How to Deal With: Family and Friends Who Don’t Cycle
If your loved ones don’t cycle, invite them anyway and modify your ride to be less intense, advises Doran. “Take cruisers around town and make the ride a group activity rather than a solo workout,” she says.
Incentivise the crew by choosing a fun cycling destination like a natural or historic site, or coffee shop.
How to Deal With: A Change of Pace
Whether you have more time off for longer rides or less time off and need to focus on getting the most bang for your buck when it comes to your cycling workouts, embrace that change of pace—it can be beneficial to your fitness. In fact, Carmichael Training Systems expert level coach Josh Whitmore says, “Look for opportunities out of the ordinary from your regular schedule.”

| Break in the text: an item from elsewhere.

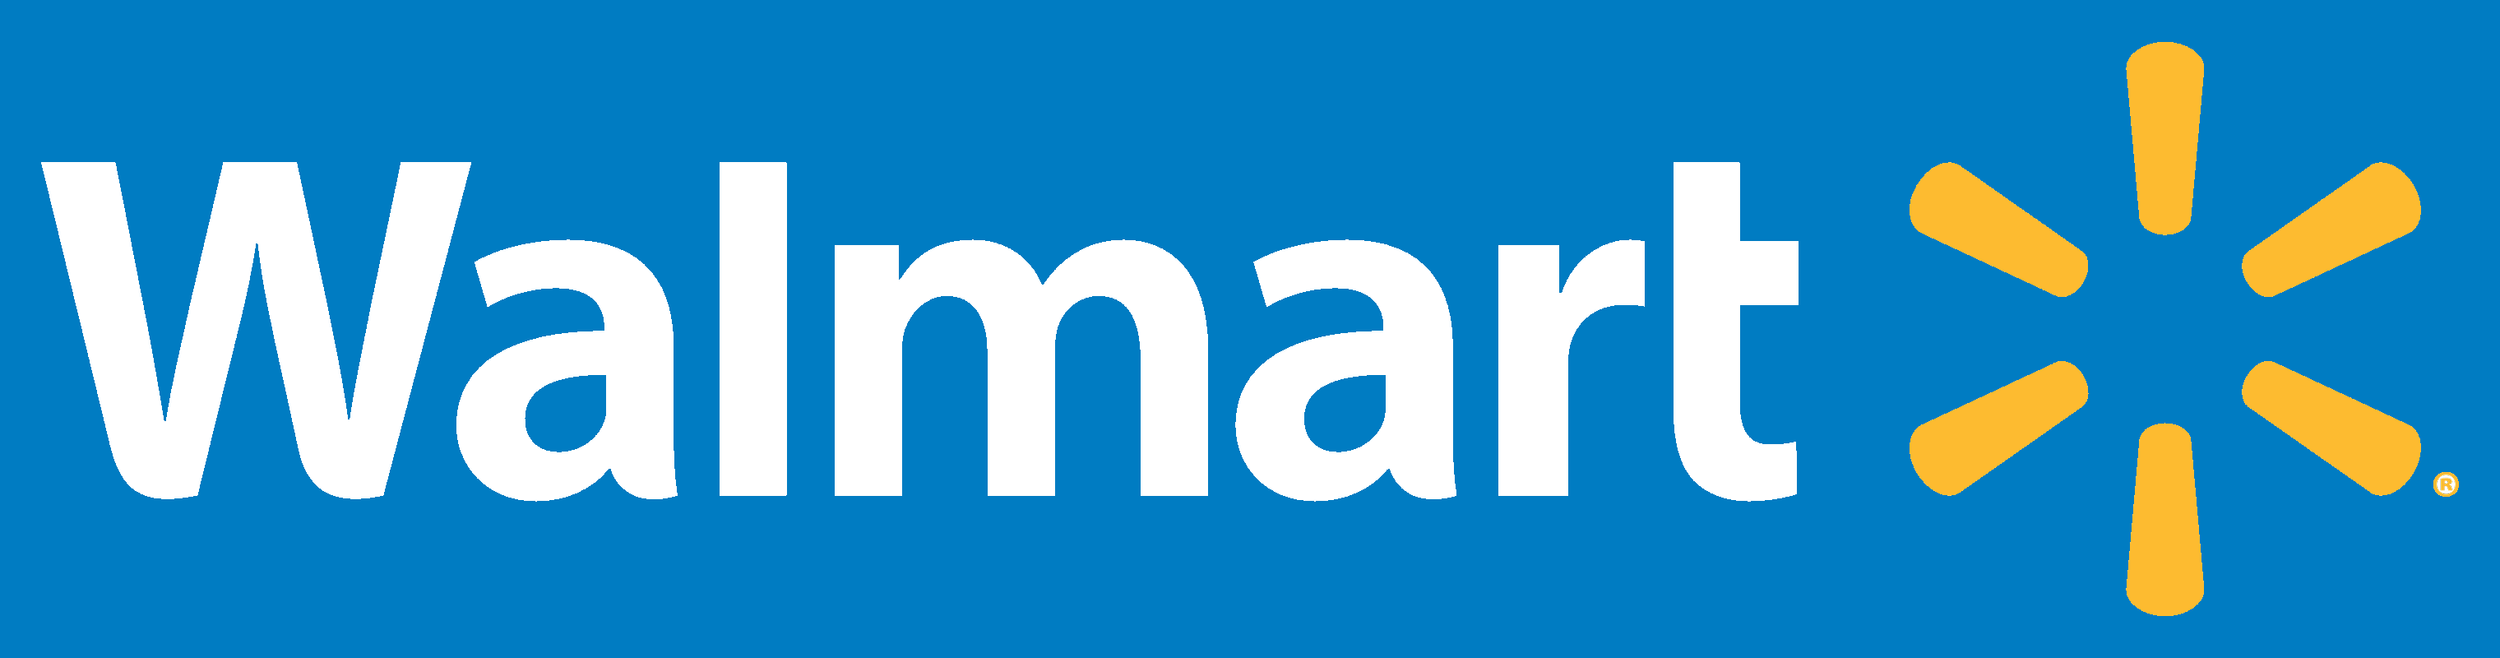 Walmart_logo_transparent_png_blue.png

Whitmore manages three principles in a cyclist’s training plan: consistency, volume, and intensity. During a typical work week — or during the December holidays, when you have a potentially social-packed calendar — he suggests riders focus on shorter indoor rides on the trainer, emphasising intensity. If you have time off work, add a long outdoor endurance ride during the week, which enhances base fitness, he says.

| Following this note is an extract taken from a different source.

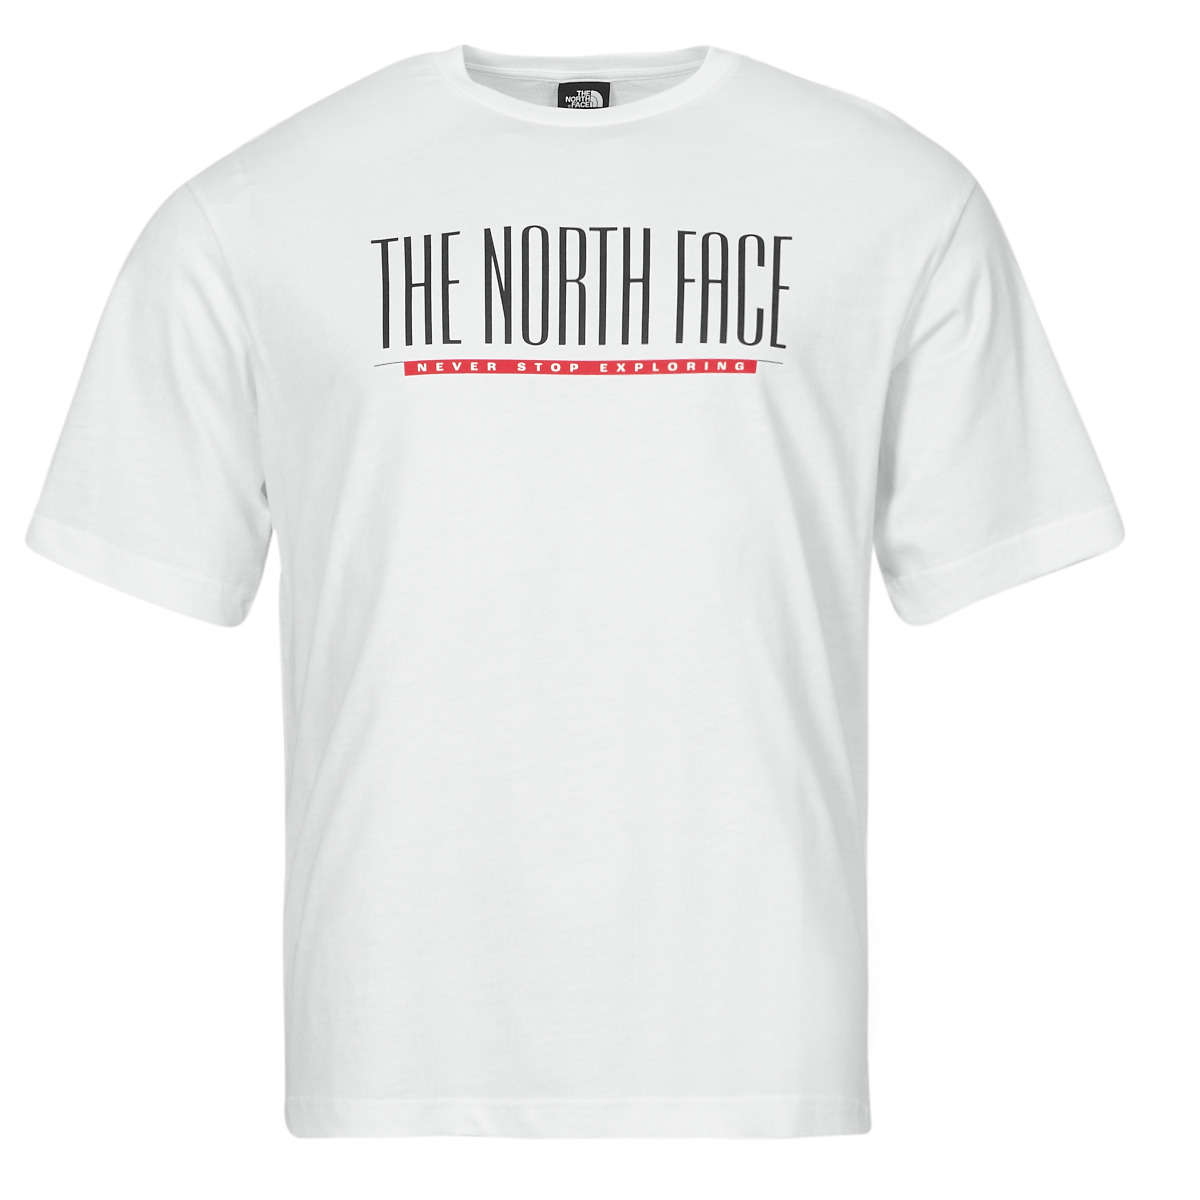 The North Face Blanc TNF EST 1966 TDClMXxu

Get these mix of workouts in as much as you can and know even just a little sweat goes a long way. But changing up your typical routine can offer some beneficial improvements to things like speed, power, or endurance, depending on what you do to switch it up.
How to Deal With: Socialisation Fatigue
Take time for solo resets. “Some of us need a break from family or our significant others because holiday visits can be intense. It’s okay to step out and go riding solo to keep your mind sane,” Doran says. “Staying active and cycling is a good way to balance the holidays. Pedal out that stress.”
If you think this will be a problem with your family, just let them know ahead of time that you plan to still go out for rides, even when home for the holidays.
“Make sure you communicate your cycling plan to your people,” said Howdyshell. Families, significant others, and athletes “get frustrated when plans conflict. A hugely valuable tool is to set expectations early. There’s often guilt, especially since COVID and not seeing people. We think we need to be a martyr, sacrificing ourselves completely. Counterintuitively, you need to fill your cup to be the best version of yourself and present in the moment,” he says.
Rather than viewing your independent time as a detraction from togetherness, clearly express how important the workout is to you and identify the benefits for them. “Instead of apologising for taking time away, say ‘I’m excited to do this bike ride, it’ll give me energy, and I’m excited to spend time with you this afternoon,’” Howdyshell says.
Lead by example. Ask your family and significant other how they need to refill their cup, too. “Ask, ‘What do you need to decrease stress?’” says Howdyshell, who realised on a recent trip to visit his in-laws that during COVID, their family units had become very accustomed to their own routines.
“We would leave for them to have their normal morning routine for coffee, and we had one hour of exercise. It was a nice benefit for everyone,” he says.